Thinking about getting pregnant? Now is a great time to check in with your provider for a pre-pregnancy checkup. This guide will spell out how to prepare and what to expect at that visit.
What is a preconception checkup?
A preconception visit with your healthcare provider (such as an OBGYN) is an important first step to pregnancy. The goal of the visit is to make sure you’re healthy, prepared, and educated about what’s ahead—including any risk factors for complications or needed lifestyle changes. It’s also helpful to establish care with a provider and start developing a trusting relationship.
What to bring
At your preconception visit your provider may bring up:
- Reproductive history. Tell them about any previous pregnancies, sexually transmitted infections (STIs), pap smear results (make sure you’re up-to-date on your cervical cancer screening!), menstrual history, and birth control use.
- Medical history. It’s important for your provider to know your comprehensive medical history to help determine potential risk factors and complications that may arise during pregnancy. If you’re going into your pregnancy with conditions like asthma, diabetes, high blood pressure, depression, or thyroid disease, let your doctor know. There are many medical conditions that have implications on the pregnancy and should be discussed before conception. Make sure they have your medical records, and talk through your body’s biography.

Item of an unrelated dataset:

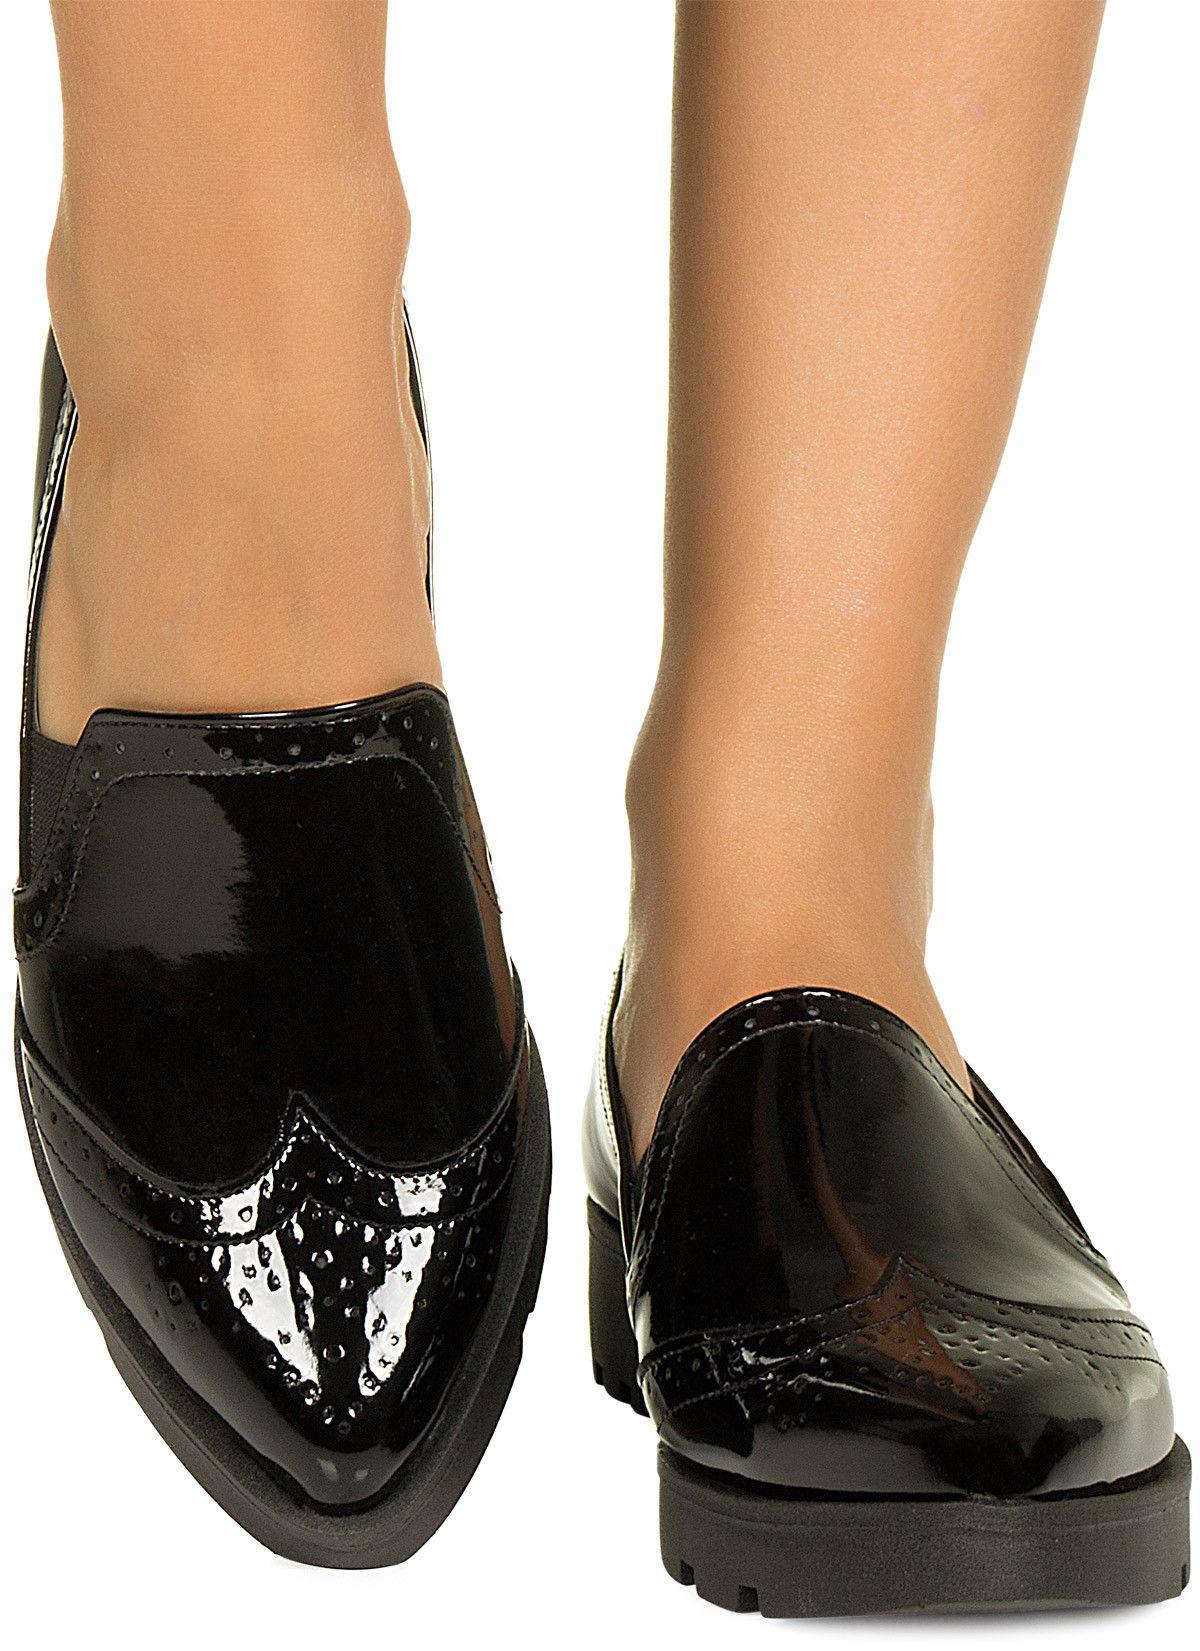 f2a0d7859 Oxford Preto Verniz Taquilla - Taquilla - Loja online de sapatos femininos
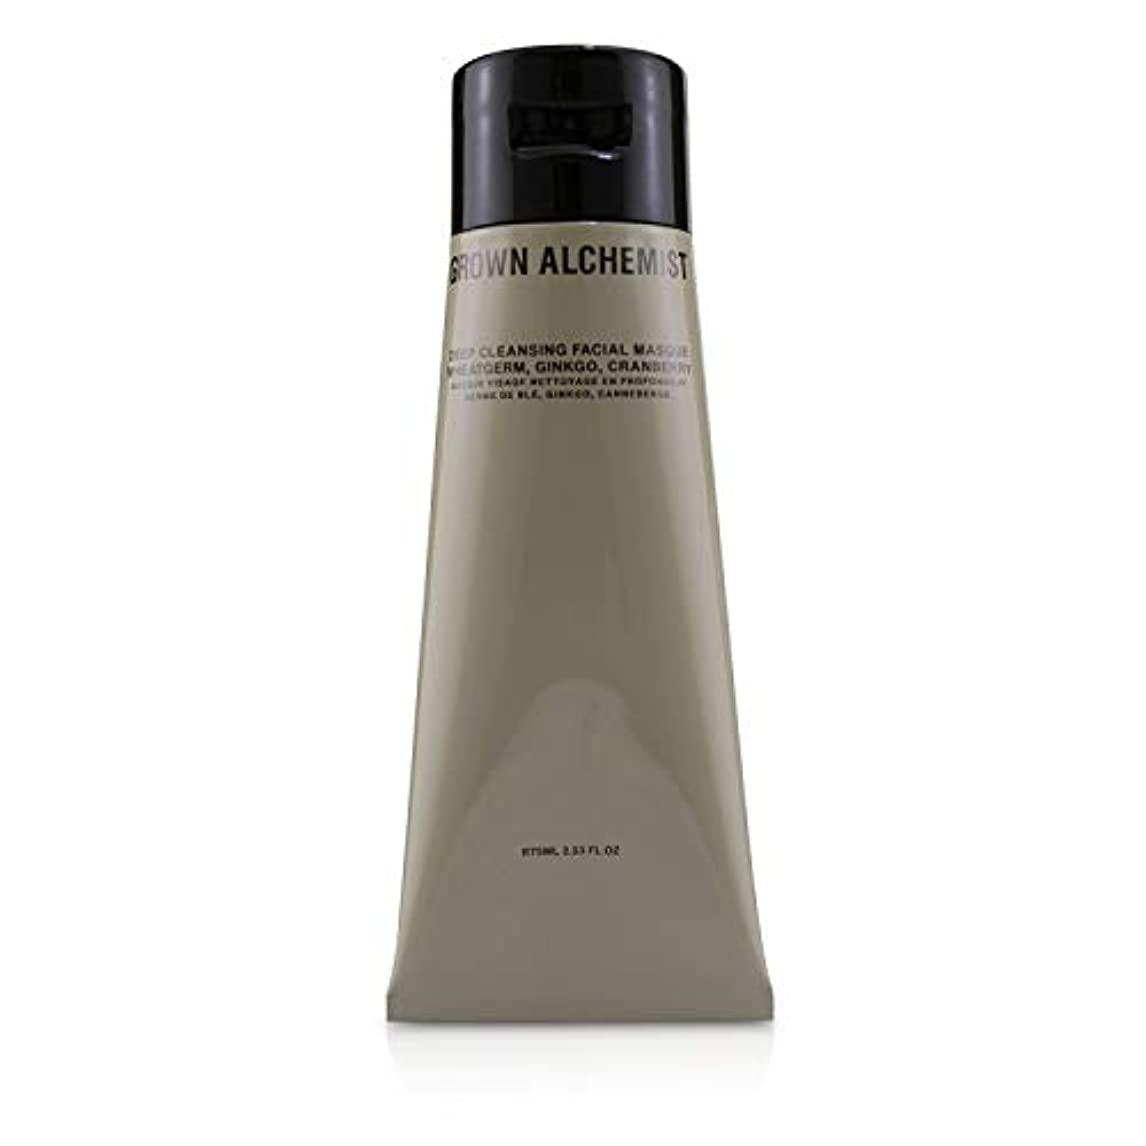 黙認する体操選手防衛Grown Alchemist Deep Cleansing Facial Masque - Wheatgerm, Ginkgo & Cranberry 75ml/2.53oz並行輸入品

- Past surgeries. Knowledge of past surgeries—big or small—helps your provider to understand your reaction to anesthesia and flag potential roadblocks in trying to conceive or deliver.
- Family history. Your ethnicity, along with significant family history (like your sister who had pre-eclampsia or your aunt’s gestational diabetes) can reveal things about your health. If possible, talk with your family before the visit to see if there’s anything notable you should share.
- Medications. Tell your provider everything you’re taking, even over-the-counter meds, vitamins, and supplements. Also mention things like retinol and salicylic acid—both are topical creams people use to combat acne that are not safe for pregnancy.
- Lifestyle. Keep it real. Tell your provider how often you exercise, how much you drink, etc.
- Genetic carrier screening. This is a test that parents can take to learn more about the genetic health of their future children. It looks to see if parents are carriers of any hidden genetic disorders that they may unknowingly pass on to their children.
- Domestic violence. Your preconception visit is a time to reflect on your relationship and make sure you feel emotionally and physically safe. If you feel unsafe, we urge you to speak with your provider. Intimate partner violence affects millions of women, irrespective of their age, socioeconomic status, race, or religion. Your provider can connect you with local resources and support.
- Recent travel and future plans. Talk to your doctor to get the latest information about regions or countries to avoid given concerns for certain infectious diseases, like the Zika virus.
Now is the time to talk openly with your provider. Consider practical questions ranging from how to use an ovulation test or find your fertile window to debunking the many myths we hear about medicine and wellness. Your provider is there to break it down and give you evidence-based advice. If you’re feeling overwhelmed, your provider can also point you in the direction of online resources, books, or counselors.